Please give the whole listing again exactly, without any of its pictures.

◆ DATASET EXCERPT:
◇ ◇ ◇ ◇

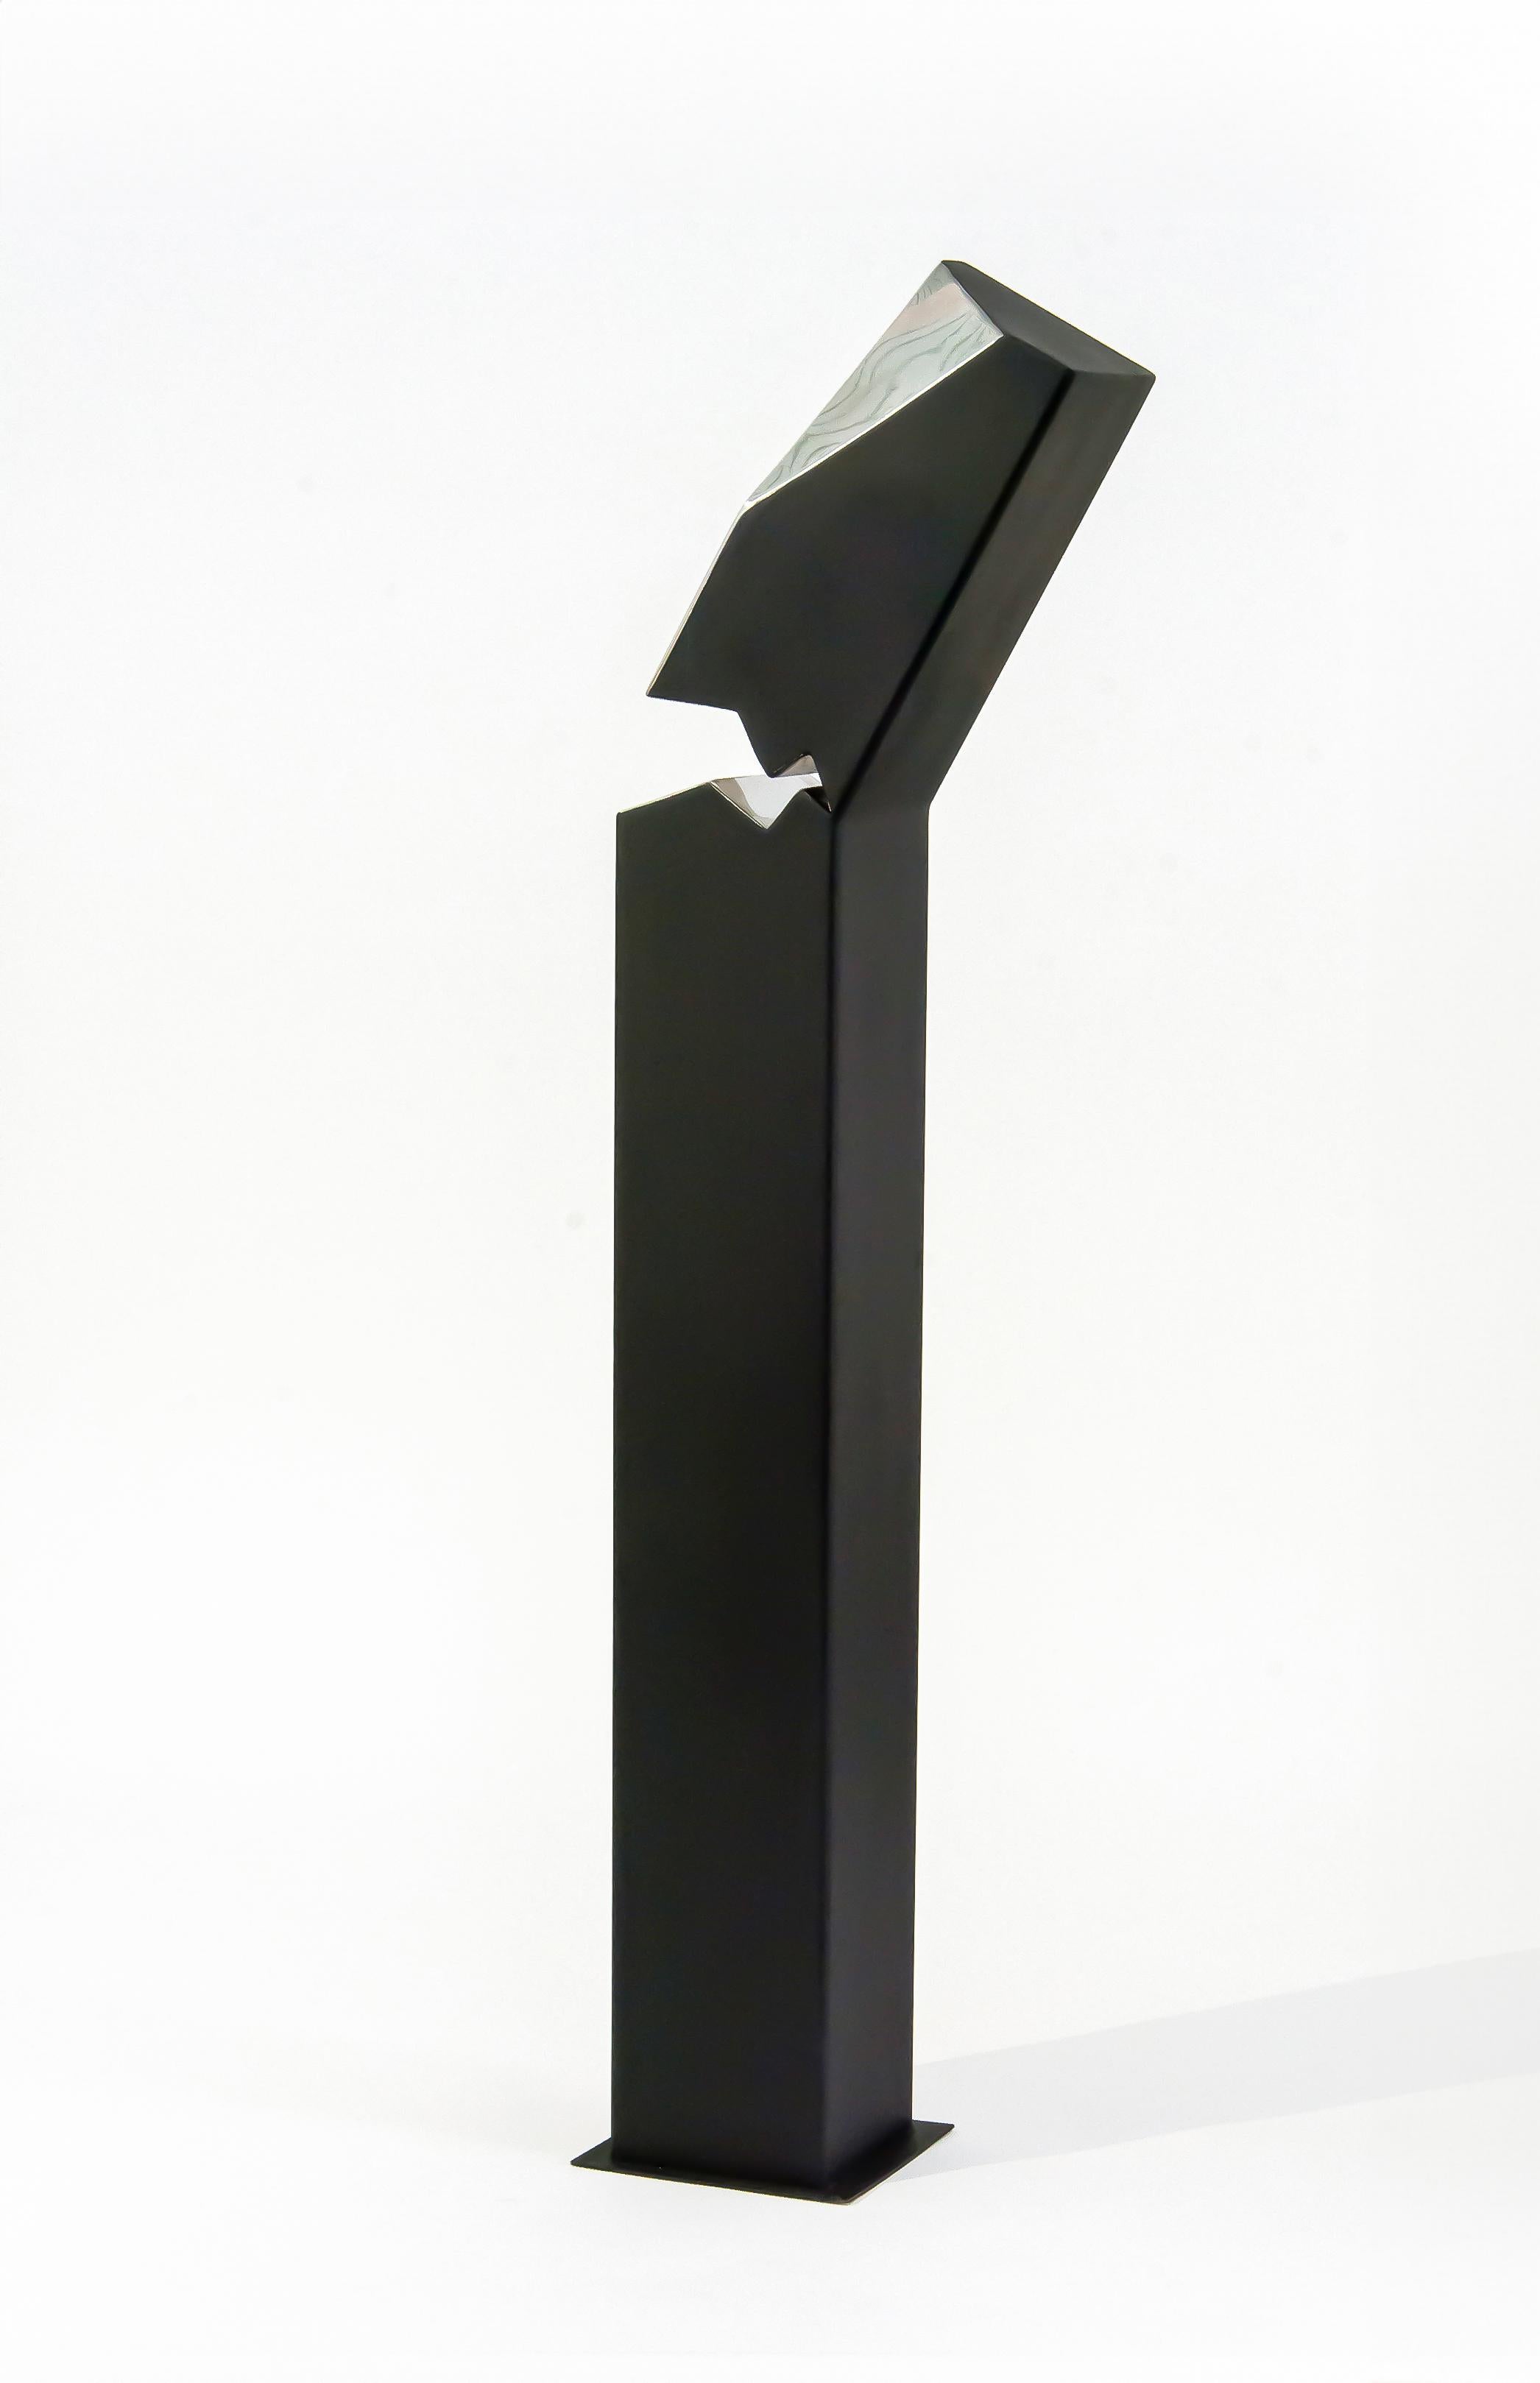 Athabasca Black 2/10- haut, moderne, géométrique, contemporain, sculpture en acier - Sculpture de Philippe Pallafray
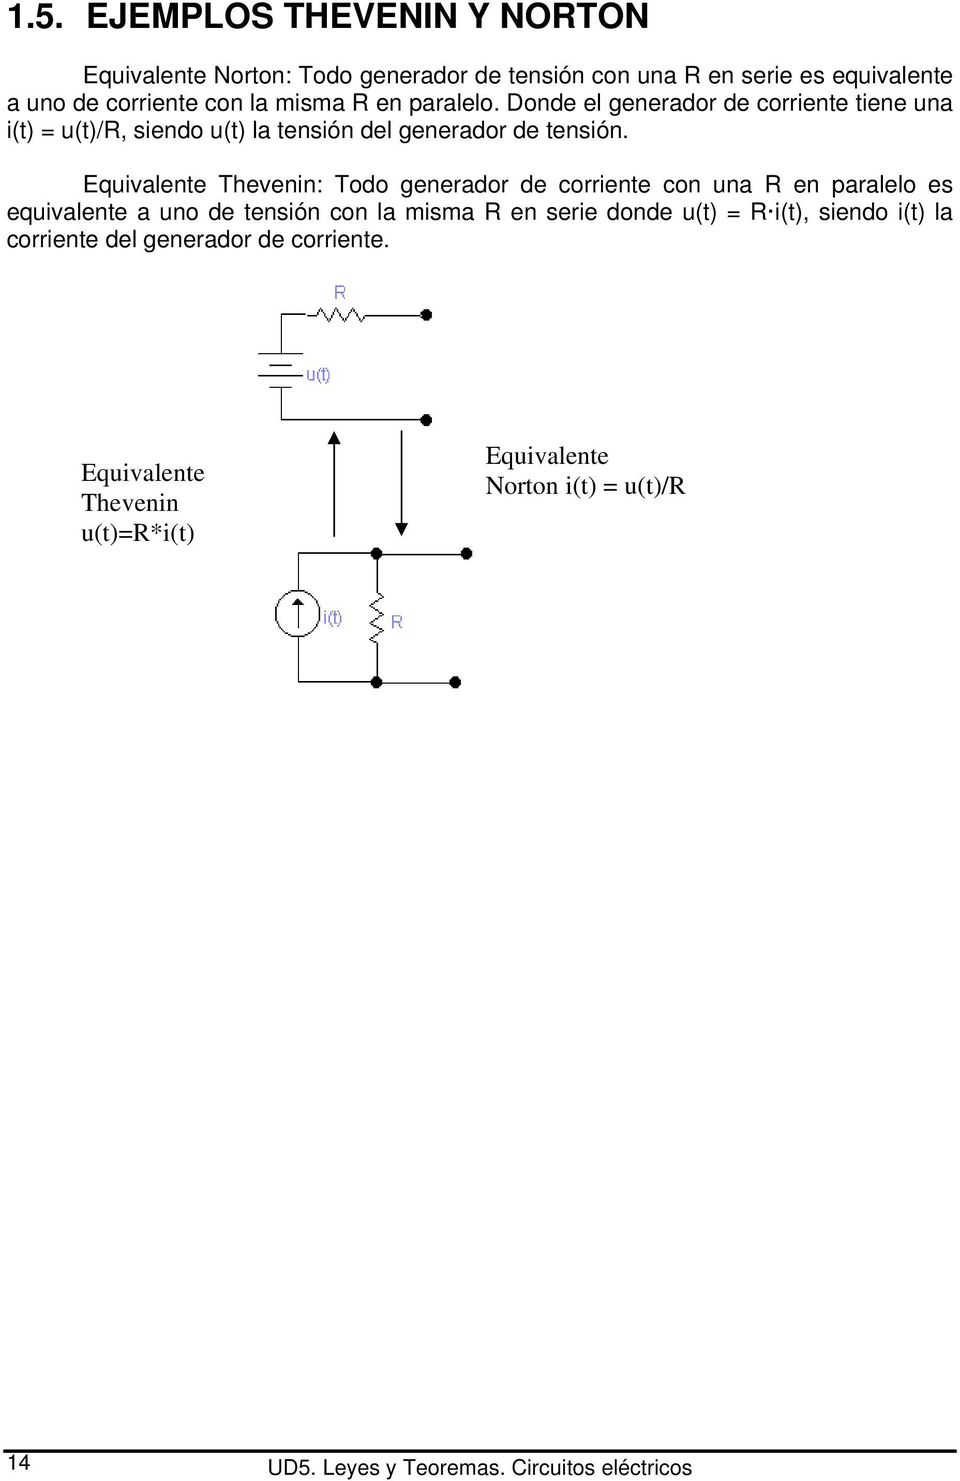 Equivalente Thevenin: Todo generador de corriente con una R en paralelo es equivalente a uno de tensión con la misma R en serie donde u(t) = R
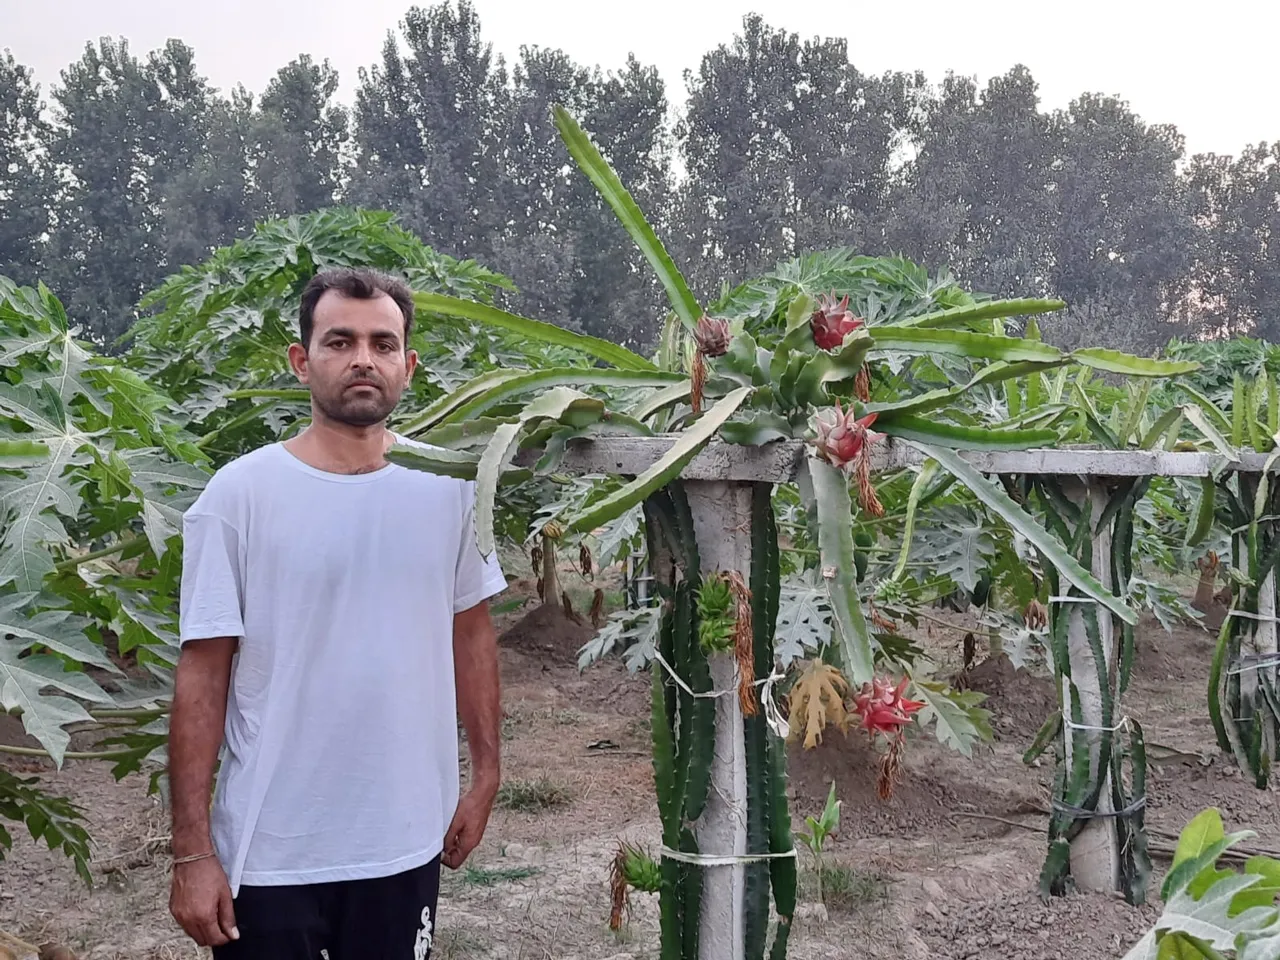 Raman Salaria at his farm in Pathankot, Punjab. Pic: Courtesy of Raman Salaria

◇ ◇ ◇ ◇

◆ ANSWER SPACE:
 Athabasca Black 2/10- haut, moderne, géométrique, contemporain, sculpture en acier - Sculpture de Philippe Pallafray
 Equivalente Thevenin: Todo generador de corriente con una R en paralelo es equivalente a uno de tensión con la misma R en serie donde u(t) = R
 Raman Salaria at his farm in Pathankot, Punjab. Pic: Courtesy of Raman Salaria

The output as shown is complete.